Collaboration: C. Bonnet and E. Toth (CBM, Orléans), G. Ulrich (Strasbourg), O. Sénèque (CEA, Grenoble), N. Djebrani-Oussedik (Hôpital Lariboisière, Paris), H. Zischka (Helmholtz, München, Germany), M. Desage El Murr (UMR 7177), M. Linder (California State University, Fullerton, USA), B. Vileno (Strasbourg)

 

2.3) Antibacterial drugs with Fe or Ga complex-induced toxicity:

Bacteria need high amount of iron for their survival and proliferation. They excrete Fe-specific ligands called siderophores to scavenge iron(III) from the environment and bring it inside. We are interested to associate AMPs to iron or gallium chelates. Gallium(III) has similar affinity and coordination geometry as Fe(III) and cannot be distinguished from iron by the siderophores. Due to its redox inertness, the Ga complex brings an additional toxic effect. Different collaborations will allow to test these peptide-metal-chelate conjugates in bacterial cells and the best candidates will be grafted on medical surfaces in order to ensure long-lasting antibacterial activity of the surface.

 

Peptide-chelates linked to Fe or Ga

 

Collaboration: I. Schalk (ESBS, Strasbourg), B. Bechinger (Institut de Chimie, Strasbourg)

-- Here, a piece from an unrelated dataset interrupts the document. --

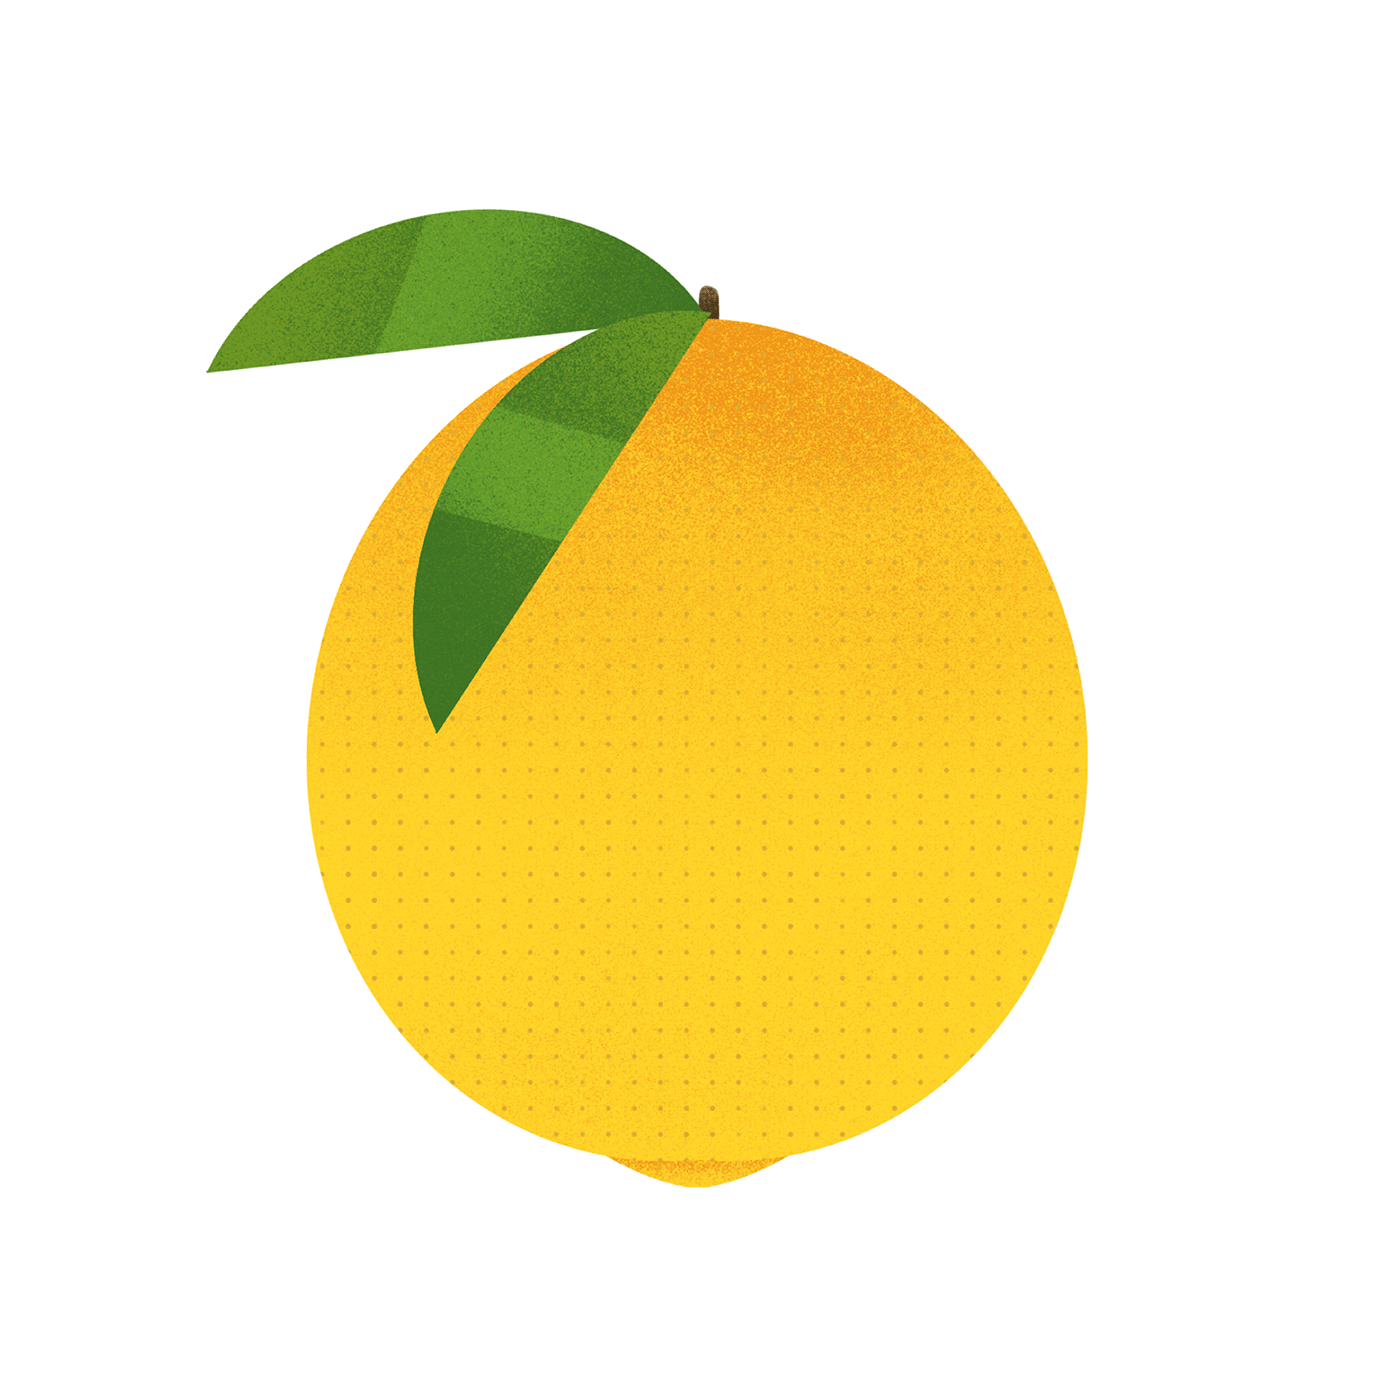 Digital Art  Drawing  Food  Fruit ILLUSTRATION  minimal simple vector 插圖 插畫
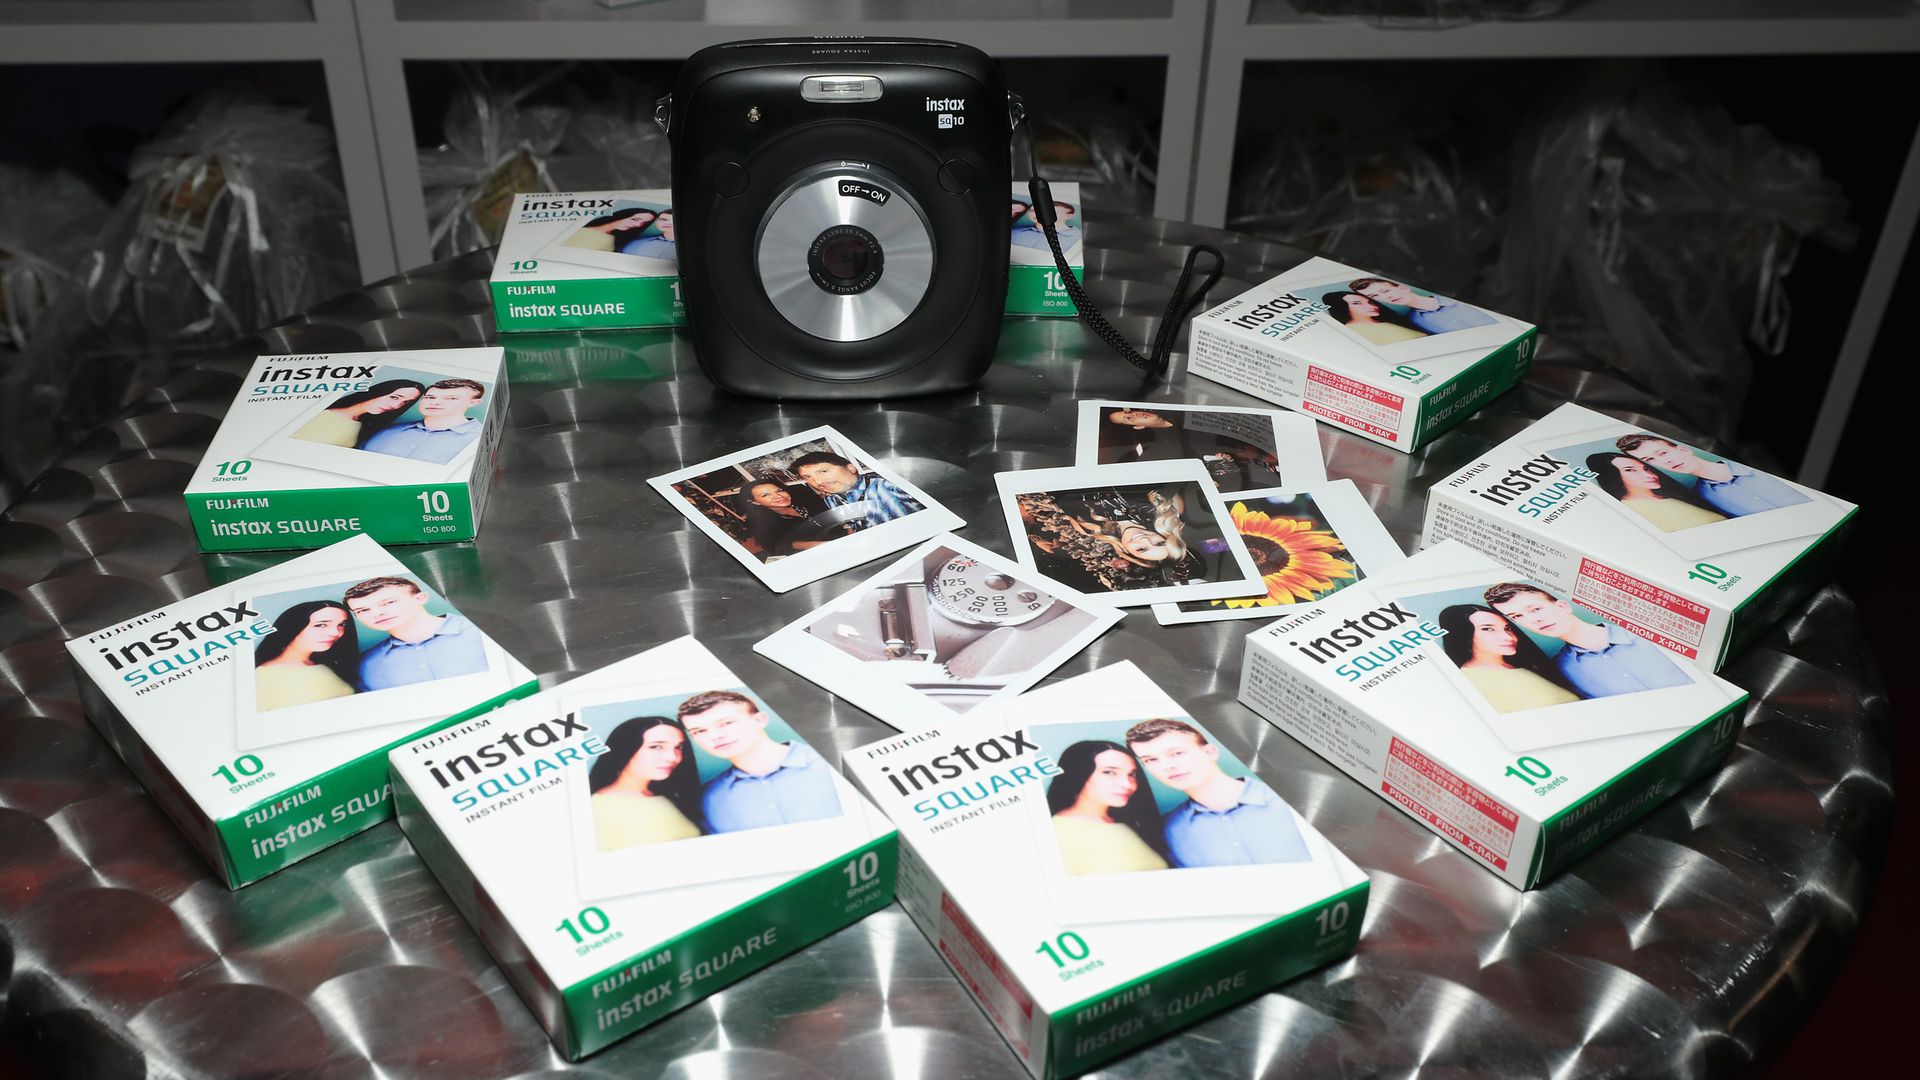 Fujifilm products

3) Peptide self-assembly for biocatalysts or biomaterials

Based on the expertise of the group in manipulating and characterizing amyloid peptides, we aim at designing non-natural peptides able to form fibers for biomaterials applications. As demonstrated by natural silks (from silkworm or spirders), protein-based material holds great potential in terms of mechanic properties. Plus, since they are bio-polymers, they can be ultimately produced from biological, renewable sources. First, the aim is to explore the link between the peptide sequence and the properties of the final material. This means that we seek at controlling (i) the peptide’s assembly, (ii) the folding of these peptides, and try to use it to tune the morphology and mechanical properties of the biomaterial. Second, onto these peptides, we aim at engineering metal sites, for structural purpose or to perform catalysis. Here, the challenge lies in controlling the properties of the metal site (coordination sphere, stability, catalytic activity).